* [What you have to do] Start at the line in the entries below that contains "2019考研临床医学综合能力(西医)考试大纲解析(候英建)", stop at the line that contains "david m benett", and output exactly the lines in that span, both ends included.

* [Material shown]
=== Begin Enclosure ===

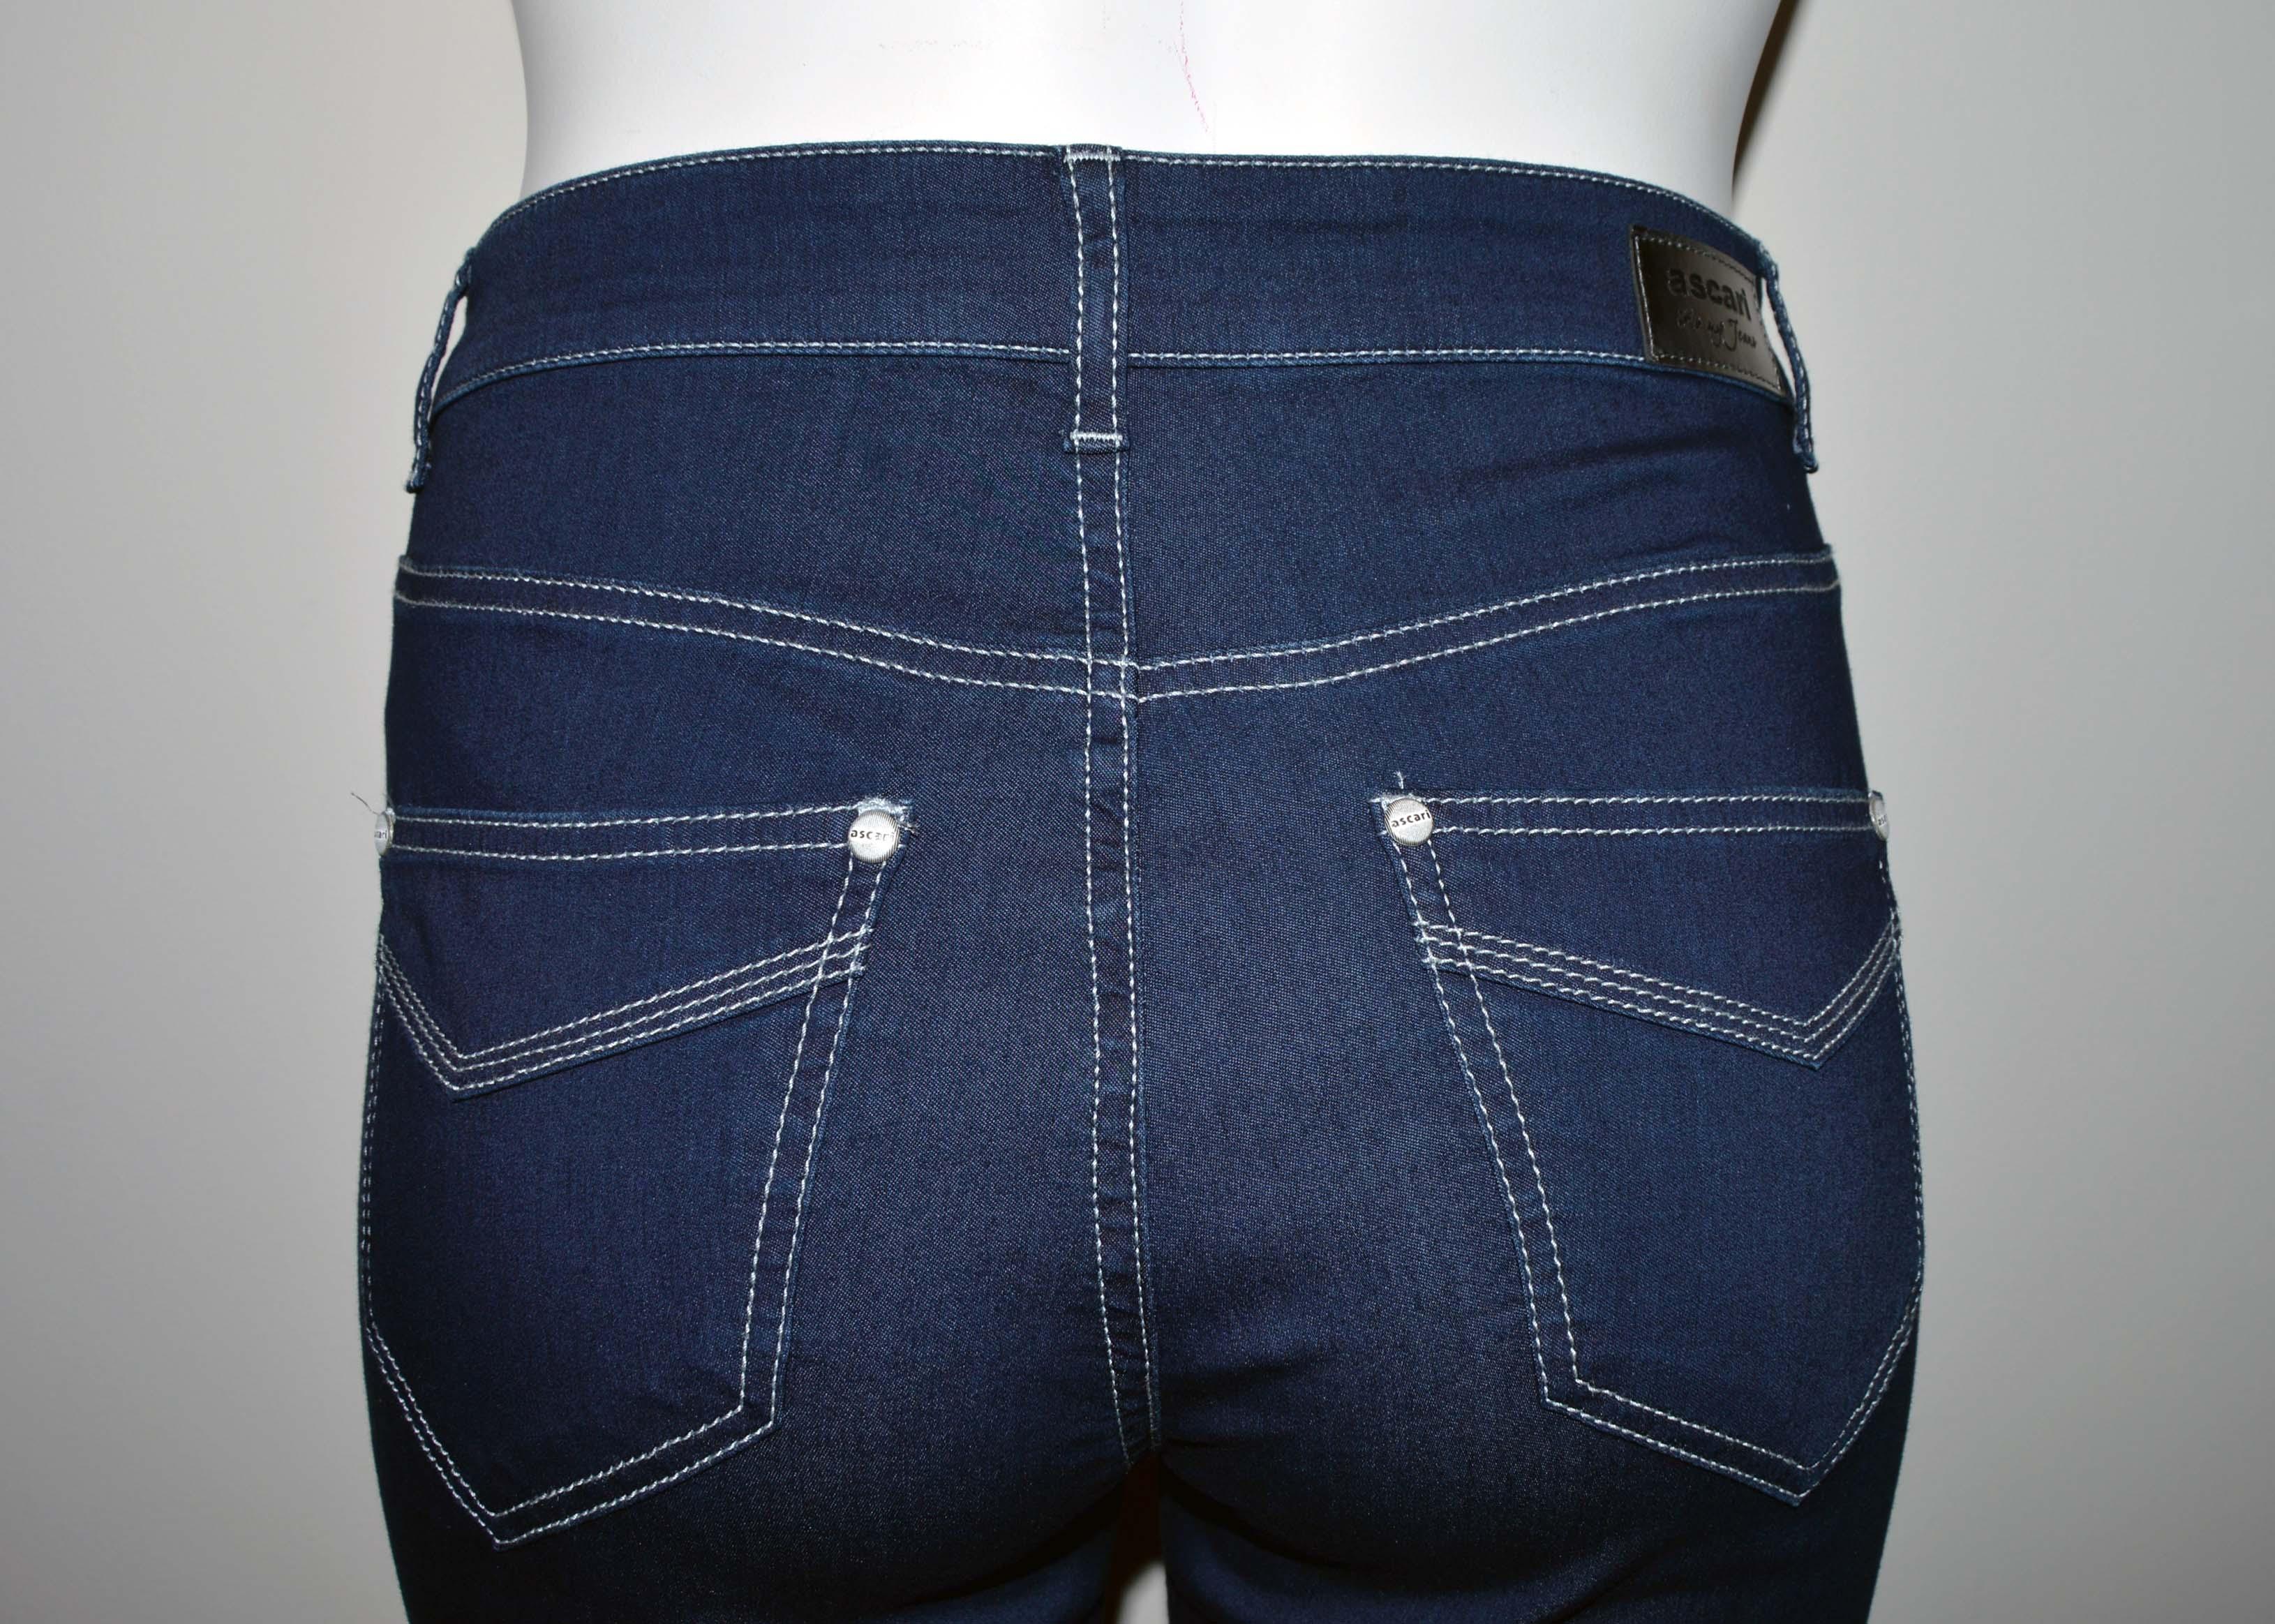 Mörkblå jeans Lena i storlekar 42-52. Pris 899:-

=== End Enclosure ===
=== Begin Enclosure ===

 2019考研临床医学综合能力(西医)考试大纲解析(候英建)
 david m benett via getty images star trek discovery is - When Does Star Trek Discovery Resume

=== End Enclosure ===
=== Begin Enclosure ===

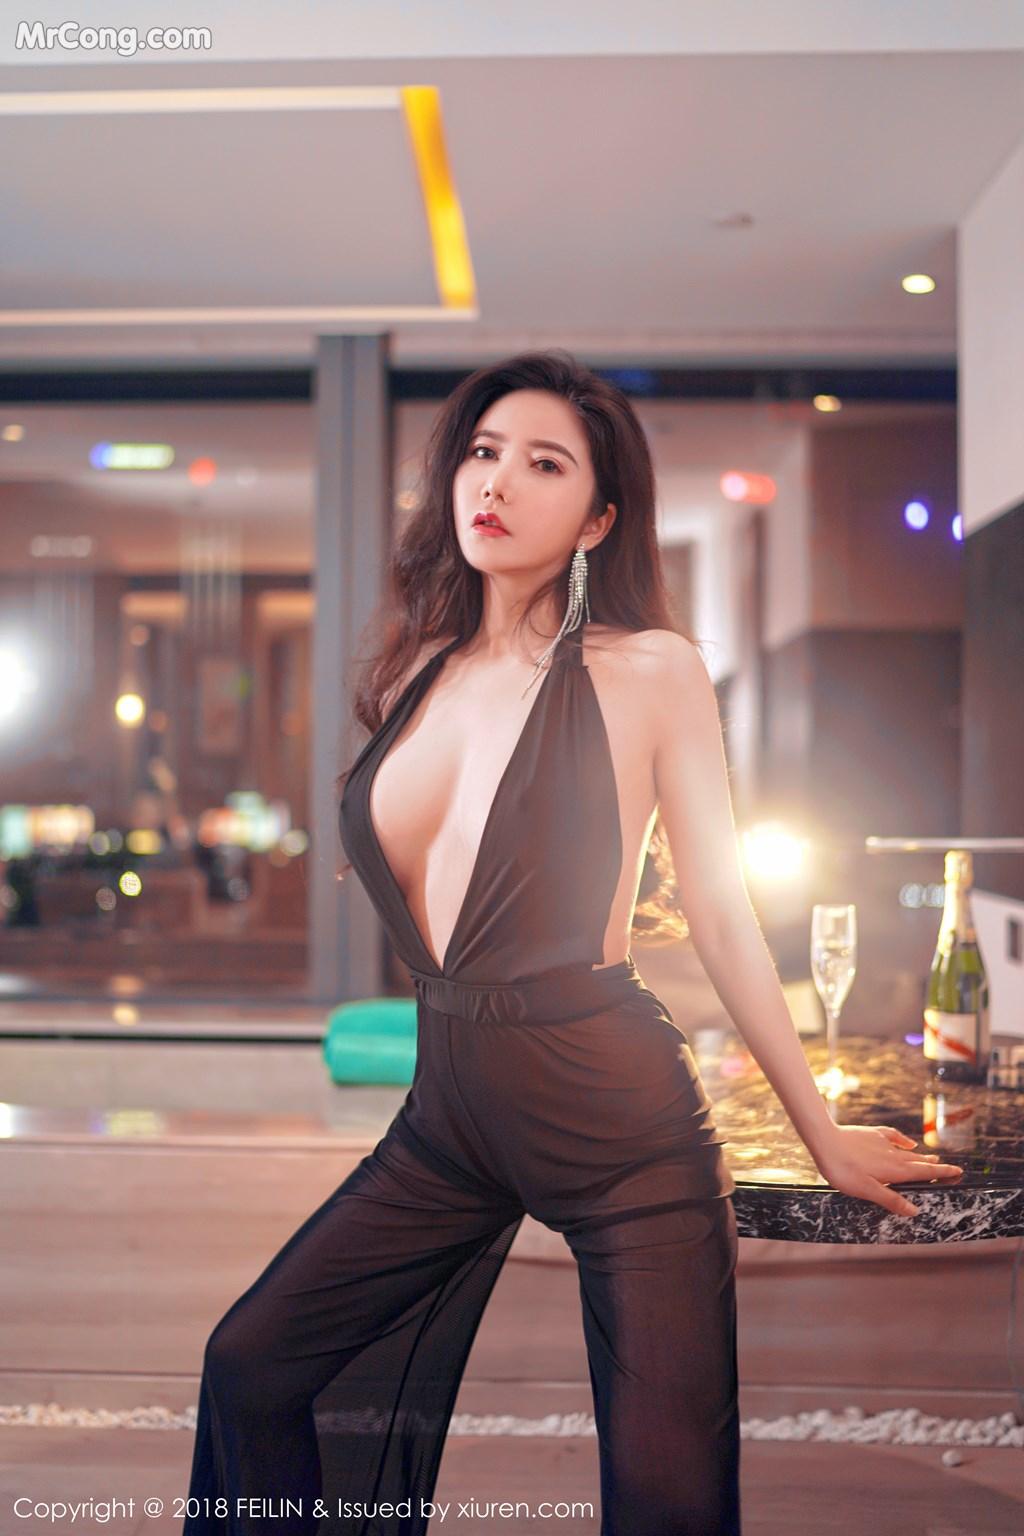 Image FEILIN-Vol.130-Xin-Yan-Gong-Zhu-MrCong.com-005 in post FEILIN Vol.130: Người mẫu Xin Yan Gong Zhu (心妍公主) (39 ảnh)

=== End Enclosure ===

* [Result of the task]
 2019考研临床医学综合能力(西医)考试大纲解析(候英建)
 david m benett via getty images star trek discovery is - When Does Star Trek Discovery Resume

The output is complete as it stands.